Would the human recognize the document as the intent behind their idea, articulated well? The intent.md is not a translation into agent-speak or a decomposition into subtasks. It is the human's own intent, rendered with clarity and completeness they may not have had time to produce themselves. If the human reads it and thinks "that's not what I meant," the document has failed regardless of how thorough it is.

What The System Produces

Through collaborative conversation, the agent and human co-construct an intent.md that captures:

The objective — what outcome the human wants and why it matters. Not the task, but the purpose the task serves.

Success criteria — both quantifiable (measurable thresholds) and qualitative (values, feel, style). Qualitative criteria are first-class. They are a different kind of signal, not a lesser version of quantitative criteria.

Decision boundaries and escalation posture — where the agent should use its own judgment, where it should stop and consult the human, and what it must never do. This is not a static checklist. It is a narrative that captures the human's risk tolerance for this specific project, informed by the learned escalation model described below.

Constraints — technical, organizational, temporal, and resource boundaries the solution must satisfy.

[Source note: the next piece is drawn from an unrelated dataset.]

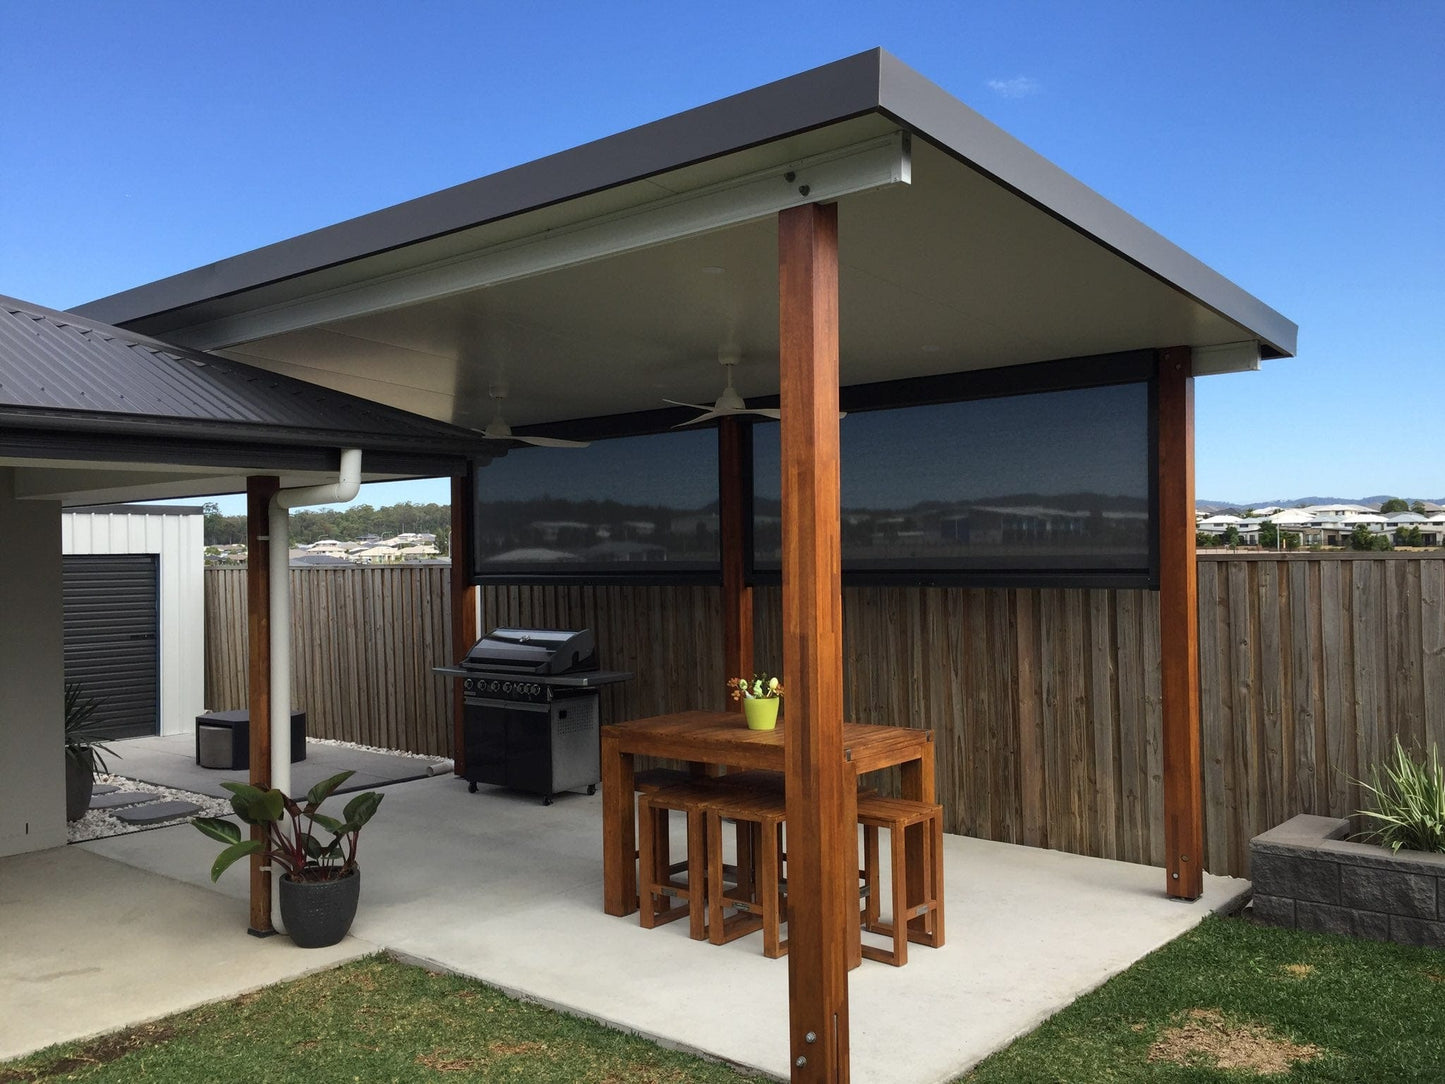 Insulated Flyover Patio Roof- 8m x 3m- Supply & Install QHI National

Open questions — ambiguities and design decisions that cannot be resolved during intent gathering. These are not a parking lot. The planning phase must assign each open question to a specific workflow step. The execution team resolves them during that step through investigation and ground truth, before acting on the assumptions they guard.

The intent.md is a prose document written in natural language, not a form with fields to fill in. Its structure should follow the shape of the problem, not a fixed template. Some projects will need extensive escalation guidance and minimal constraints. Others will be constraint-heavy with obvious objectives. The document must capture what matters, not check boxes.

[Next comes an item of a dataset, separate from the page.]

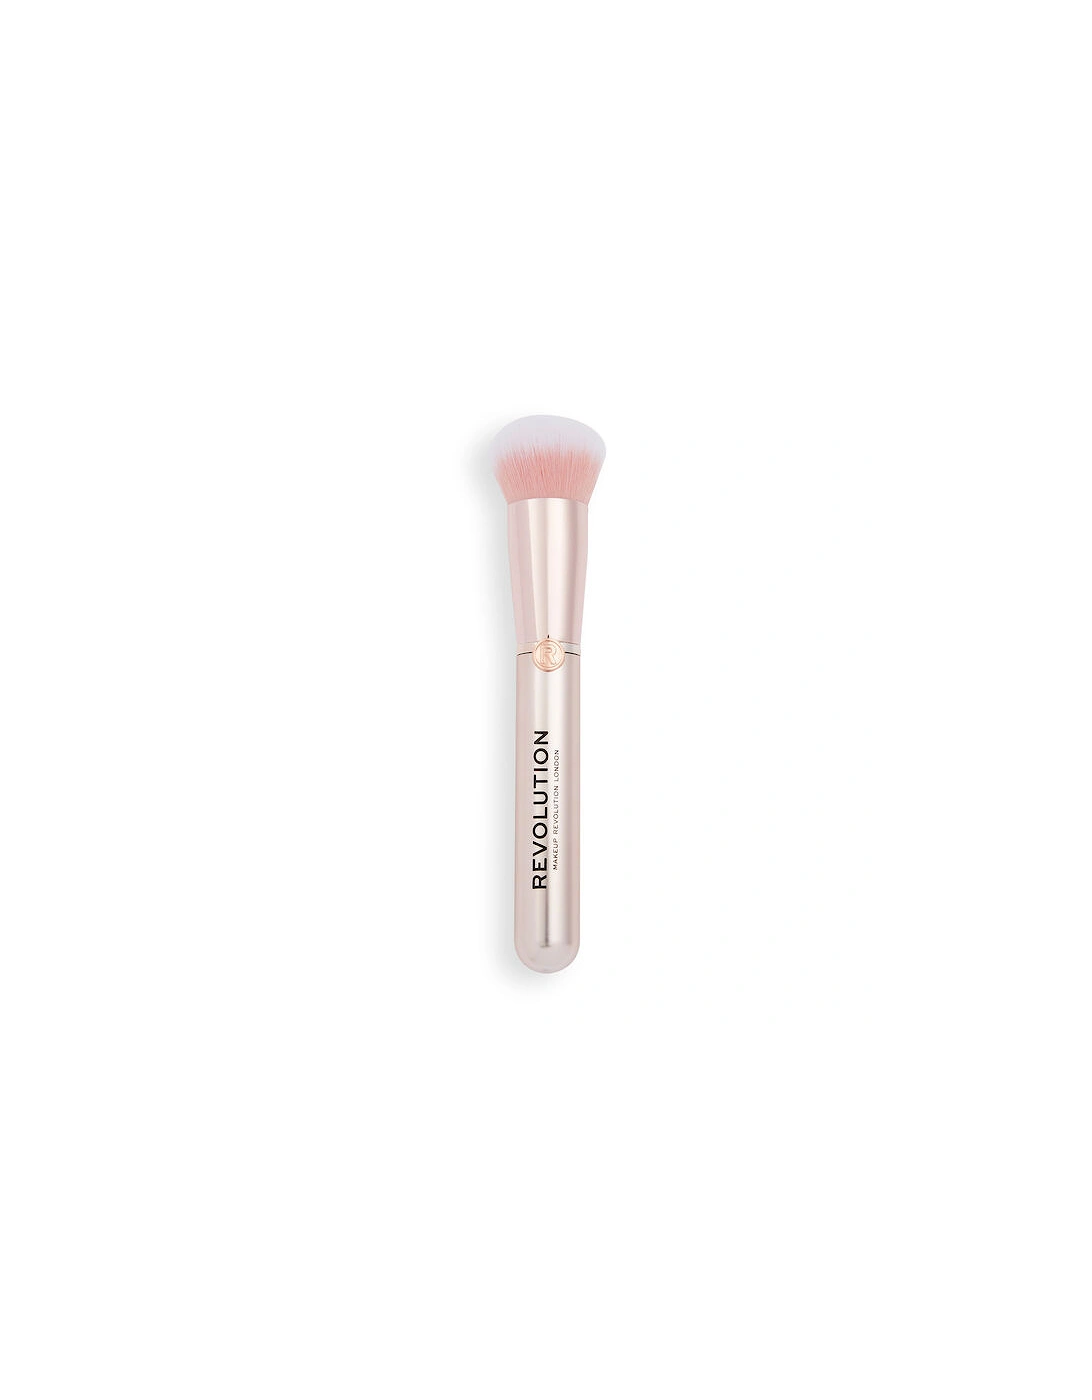 Makeup Create Buffing Foundation Brush R7, 2 of 1

How The Conversation Works

Cold Start (No Prior Context)

When the system has no history with this human or organization, the intent phase begins with understanding rather than artifact production. The intent lead does its homework first (exploring the codebase, reading related files, investigating the problem space) and then engages the human in a conversation about what it found. This is not a scripted questionnaire. It is a colleague who did their research and is checking their understanding before going off to write the specification.

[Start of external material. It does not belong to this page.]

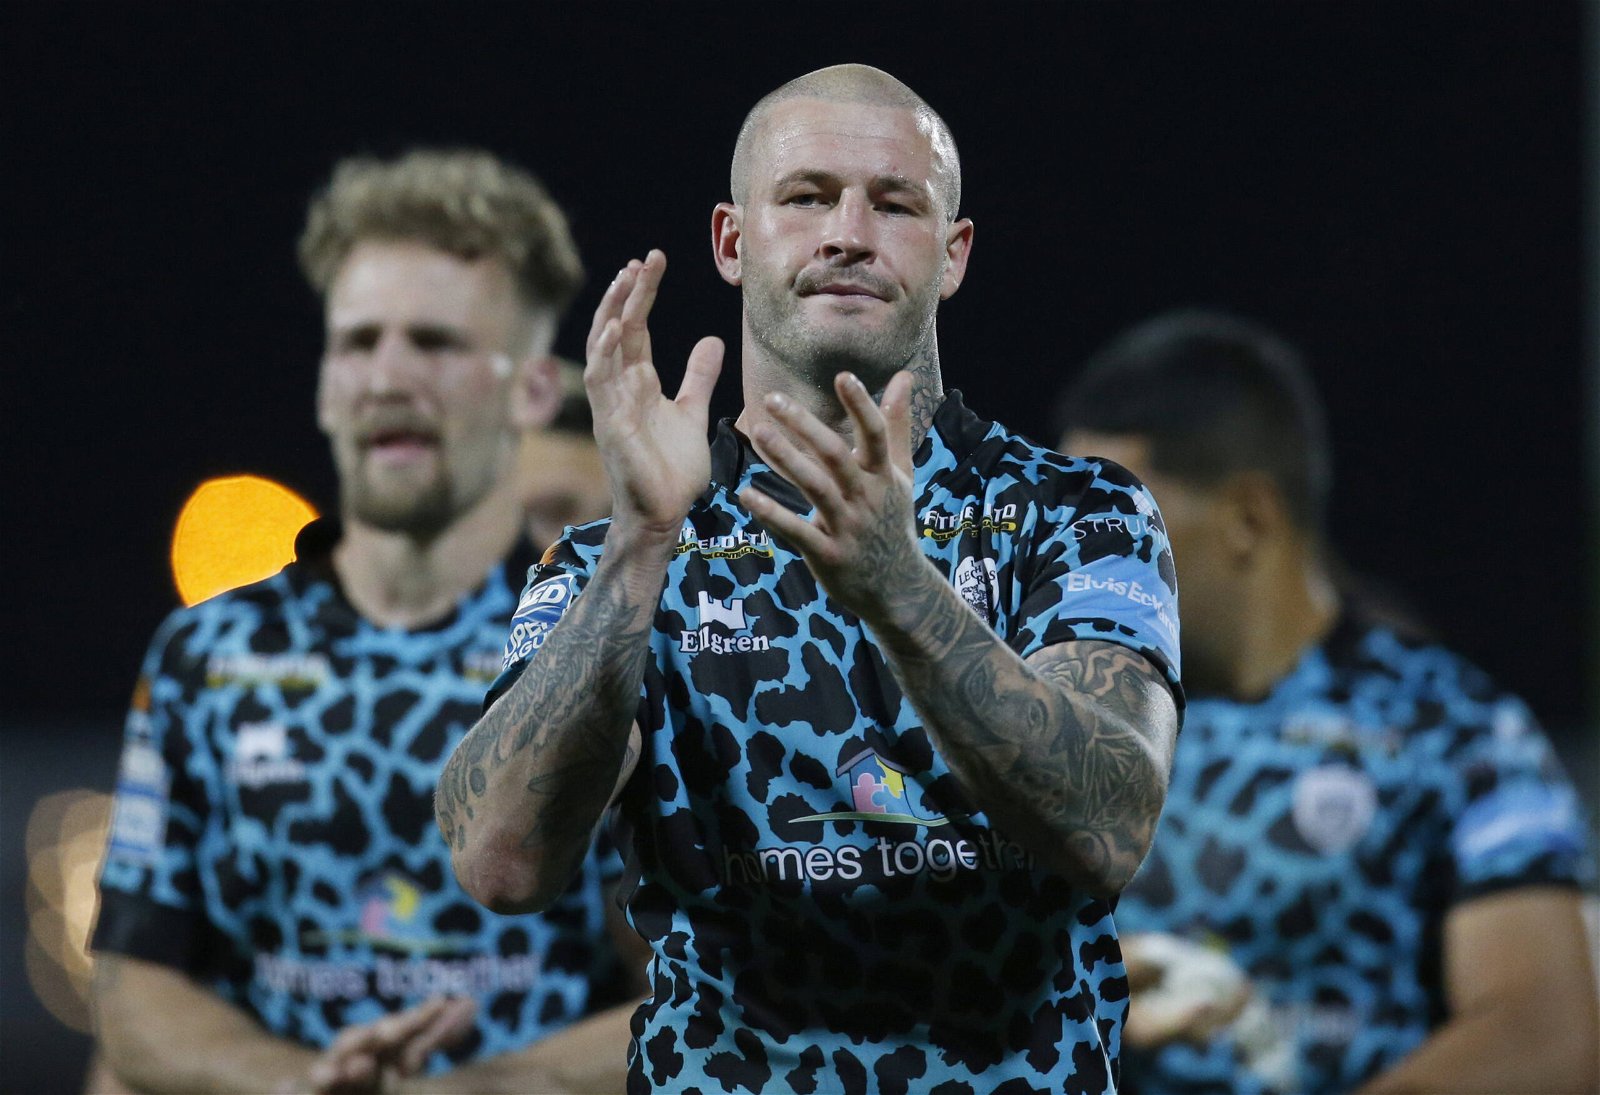 Zak Hardaker was in court this morning to plead guilty to drink driving, for which he has been banned for three years.

The human proxy drives this conversation through an intake dialog. The proxy formulates questions the agent team needs answered to produce a high-quality intent document, and for each question it also forms a prediction — what it thinks the human's answer will be. On cold start, the proxy has no predictions, so every question goes to the human. The human's answers become the raw material for the intent document and the first data points for the proxy's model of this human.

The intake dialog continues until the proxy reaches high certainty across the open questions. Only then does the intent lead produce INTENT.md, informed by the conversation rather than guessing at what the human meant. The resulting document reflects shared understanding, not a one-shot interpretation of a task description.

Warm Start (Accumulated Context)

Over time, the proxy observes how the human responds — what they correct, what they praise, what they silently accept, and what they reject — and builds a model of their preferences and priorities. In warm-start mode, the proxy can predict most of the human's answers from prior interactions. The intake dialog compresses: the proxy answers its own questions, surfacing predictions as assumptions ("Based on our past work, I'm assuming X — correct me if wrong"). Only the questions where the proxy lacks a usable prediction reach the human.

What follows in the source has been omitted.